ENCRYPTIONA Key Role for Quantum Entanglement
A method known as quantum key distribution has long held the promise of communication security unattainable in conventional cryptography. An international team of scientists, including ETH physicists, has now demonstrated experimentally, for the first time, an approach to quantum key distribution that uses high-quality quantum entanglement to provide much broader security guarantees than previous schemes.

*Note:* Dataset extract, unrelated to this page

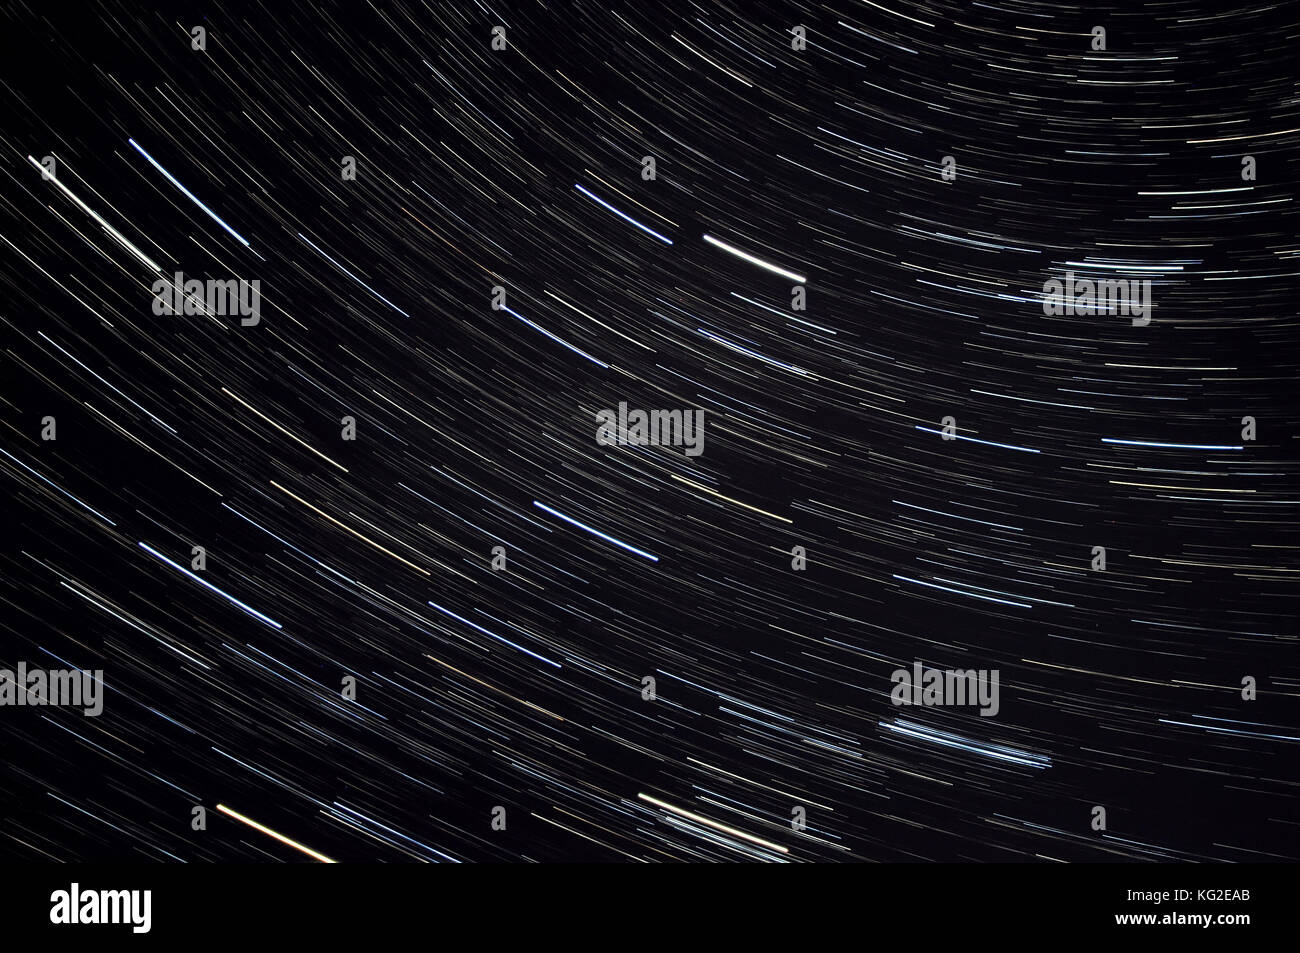 Abstract dekorative Raum Hintergrund mit Spuren von Sternen in der Form der Titel gegen den schwarzen Nachthimmel Stockfoto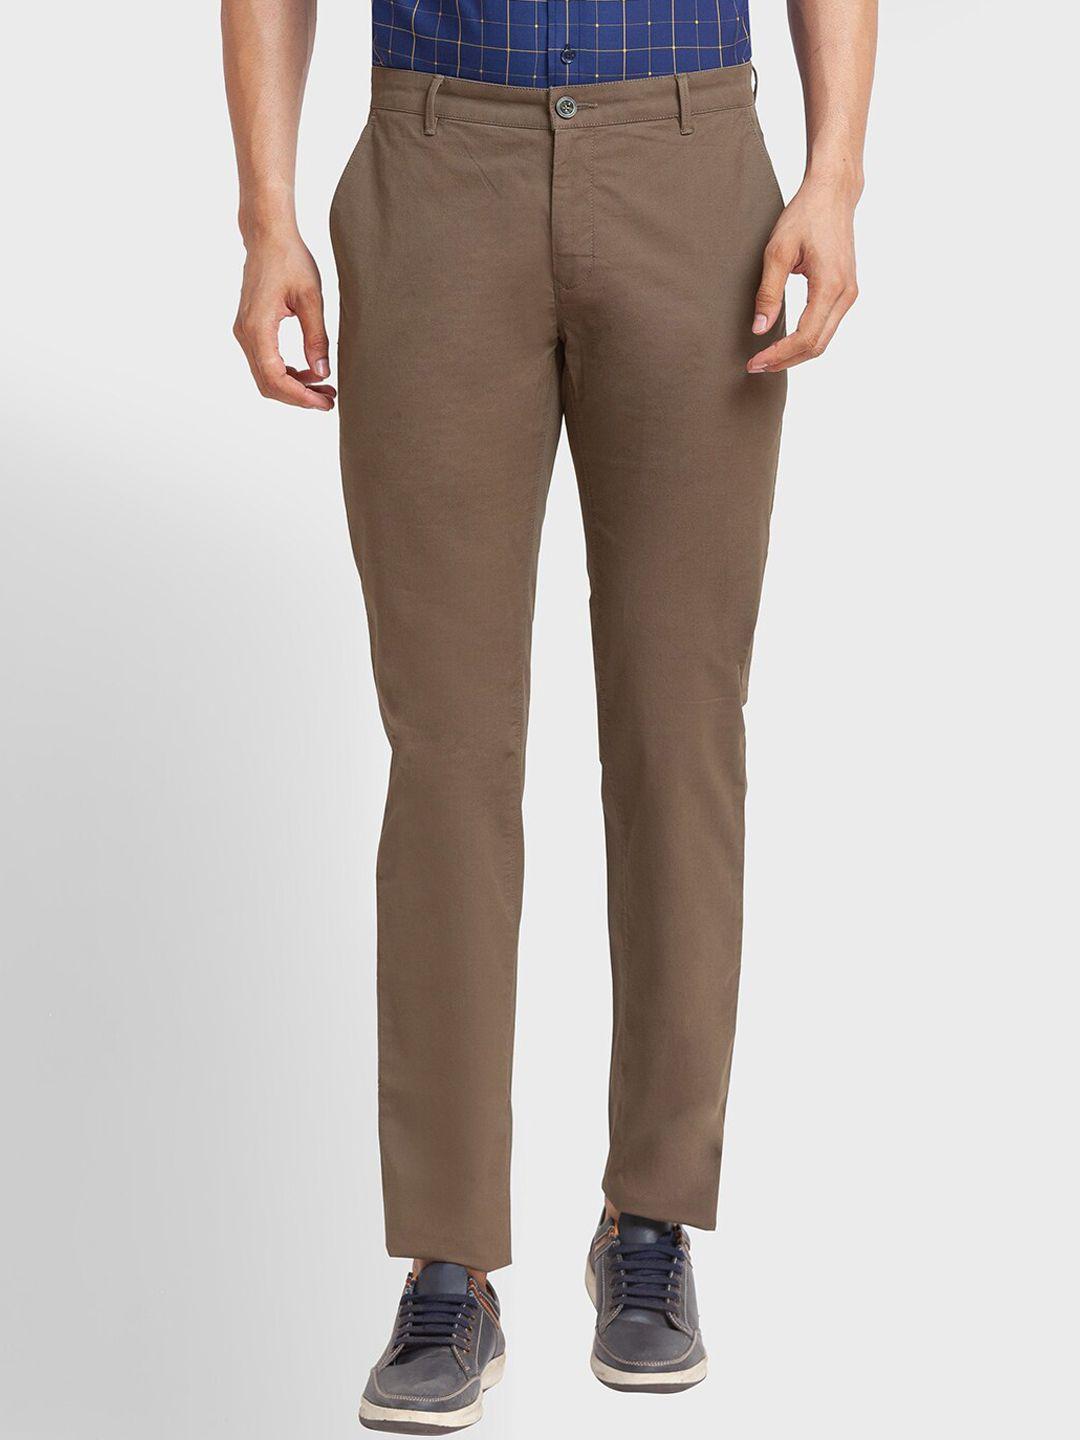 colorplus-men-cotton-straight-fit-trousers

The art of cryptography is to skillfully transform messages so that they become meaningless to everyone but the intended recipients. Modern cryptographic schemes, such as those underpinning digital commerce, prevent adversaries from illegitimately deciphering messages — say, credit-card information —by requiring them to perform mathematical operations that consume a prohibitively large amount of computational power. Starting from the 1980s, however, ingenious theoretical concepts have been introduced in which security does not depend on the eavesdropper’s finite number-crunching capabilities. Instead, basic laws of quantum physics limit how much information, if any, an adversary can ultimately intercept. In one such concept, security can be guaranteed with only a few general assumptions about the physical apparatus used. Implementations of such ‘device-independent’schemes have long been sought after, but remained out of reach. Until now, that is. Writing in Nature, an international team of researchers from the University of Oxford, EPFL, ETH Zurich, the University of Geneva and CEA (France) report the first demonstration of this sort of protocol — taking a decisive step towards practical devices offering such exquisite security (also see this Nature article).
The Key Is a Secret
Secure communication is all about keeping information private. It might be surprising, therefore, that in real-world applications large parts of the transactions between legitimate users are played out in public. The key is that sender and receiver do not have to keep their entire communication hidden. In essence, they only have to share one ‘secret’; in practice, this secret is string of bits, known as a cryptographic key, that enables everyone in its possession to turn coded messages into meaningful information. Once the legitimate parties have ensured for a given round of communication that they, and only they, share such a key, pretty much all the other communication can happen in plain view, for everyone to see. The question, then, is how to ensure that only the legitimate parties share a secret key. The process of accomplishing this is known as ‘key distribution’.